You find — if you are willing to look — a real man in history, acknowledged by even his pagan detractors as someone worshiped by his followers as God and reported to have been raised from the dead. You find an enormous body of ancient literature, preserved with uncanny accuracy unmatched by any other ancient texts, written by eyewitnesses whose accounts depict extraordinary events, while displaying their first-person storytellers in a harsh light utterly inconsistent with mythical generation. You find an abundance of archaeological evidence confirming many of its story characters and otherwise-obscure ancient places and customs.
And you find an empty tomb with no good explanation save that proffered by those who then saw him in the flesh: that his His claims could not be ignored, and that we would no longer have the luxury of dismissing Him and His followers as just another “belief without evidence.”
Of course, the Goddess is free to believe as she chooses, as we all are. But to dismiss such evidence out of hand, and posit in its stead a world where we can by denying it “start living rationally,” is, well, irrational, and does not demonstrate true intellectual integrity.

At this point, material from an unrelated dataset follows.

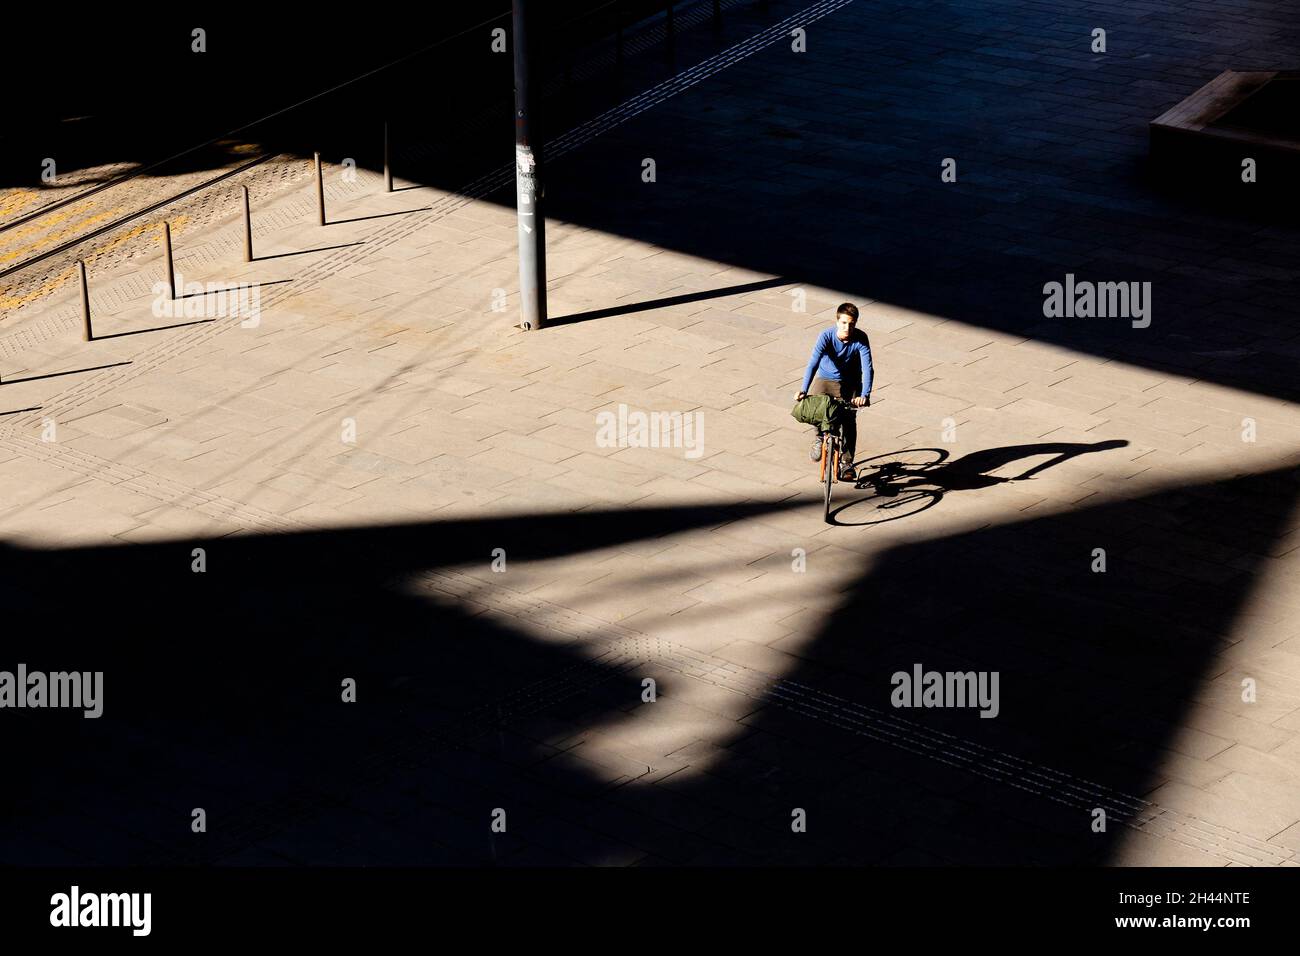 Belgrade, Serbia - October 26, 2020: One teenage boy riding bike on city square in sunlight, high angle view with shadows Stock Photo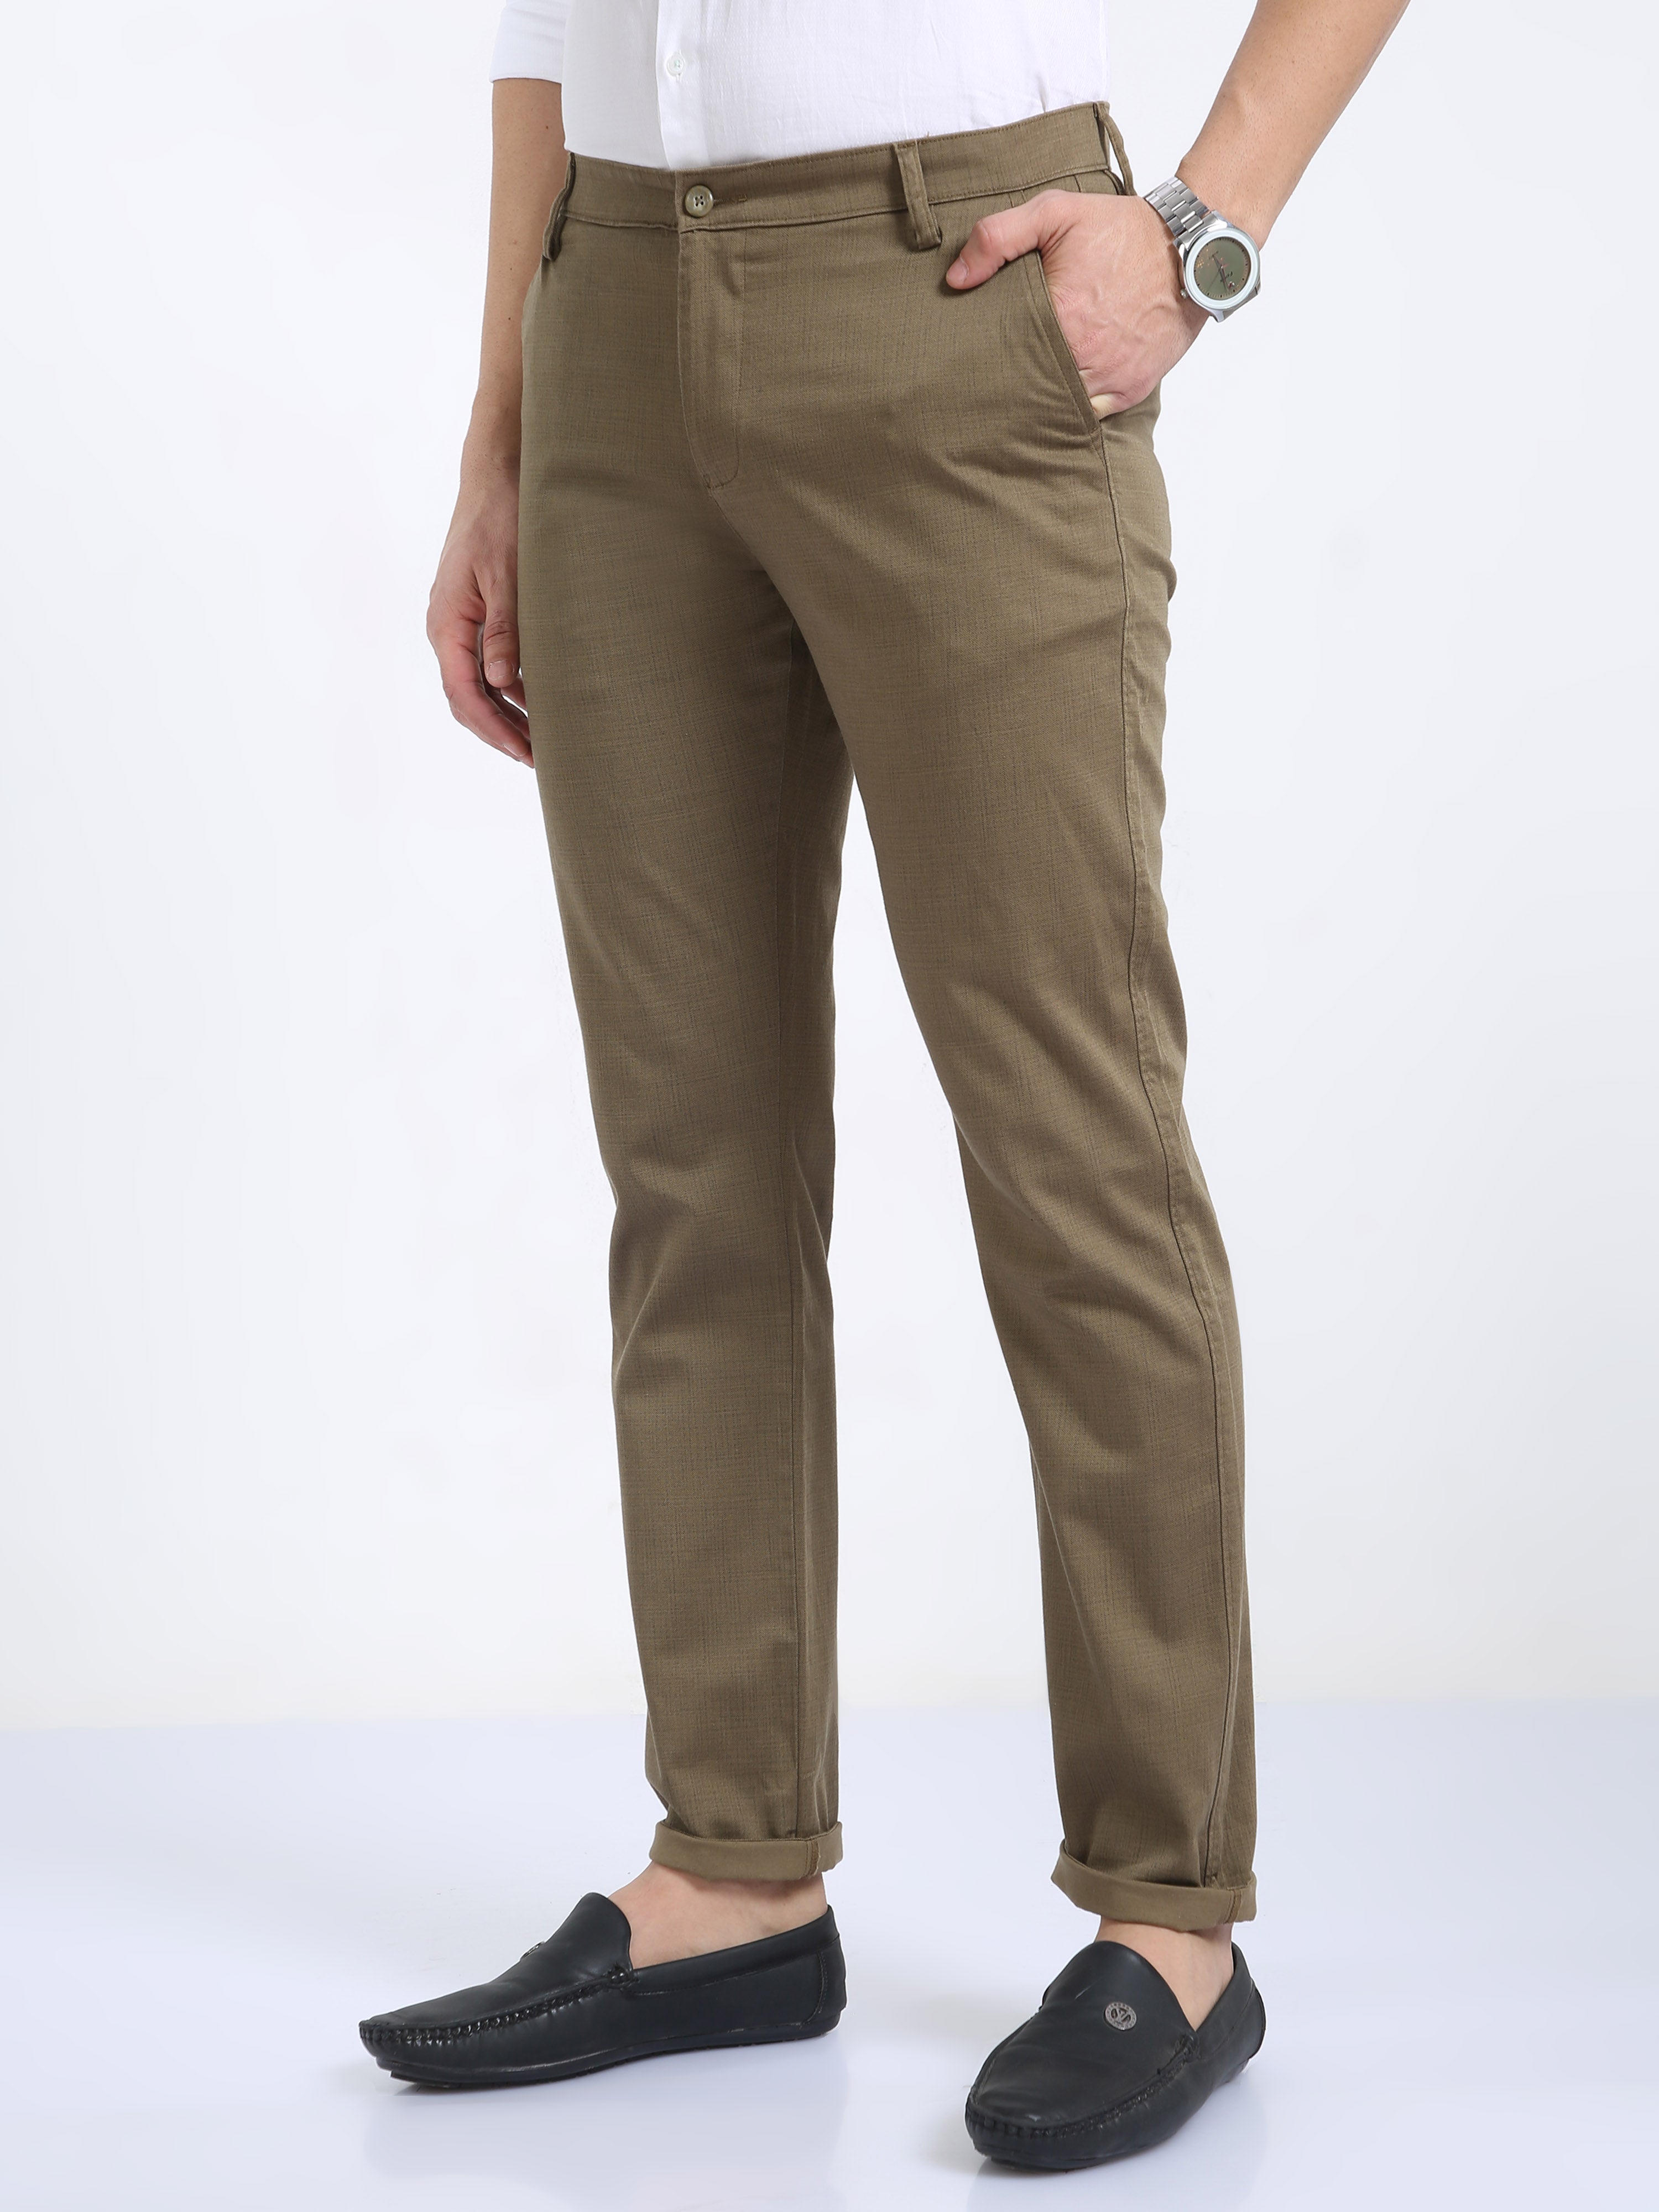 CP BRO Mens Moderate Fit Solid Dark Khakhi Color Trousers | To2-09 C-Pis-Mf-Ly

A common shorthand used by physicians when documenting a physical exam finding or lab result is “WNL”, meaning “Within normal limits.” We had a standing joke in my medical residency for those would document things they had never actually examined — “WNL” meant “We never looked.” And it likewise describes perfectly our modern skeptics who dismiss all religion as foolish, irrational fantasy. Some of it surely is — but being half-right means you’re all wrong. There is a price to pay for examining the evidence for Christ and the claims of Christianity, a price many are unwilling to pay: if you tackle this pursuit honestly and objectively, it will likely cost you your life.
But then, someone famous once said, “He who loses his life for My sake, will gain it.”
In my experience, it’s the best deal I’ve ever gotten. And that’s my advice to Amy.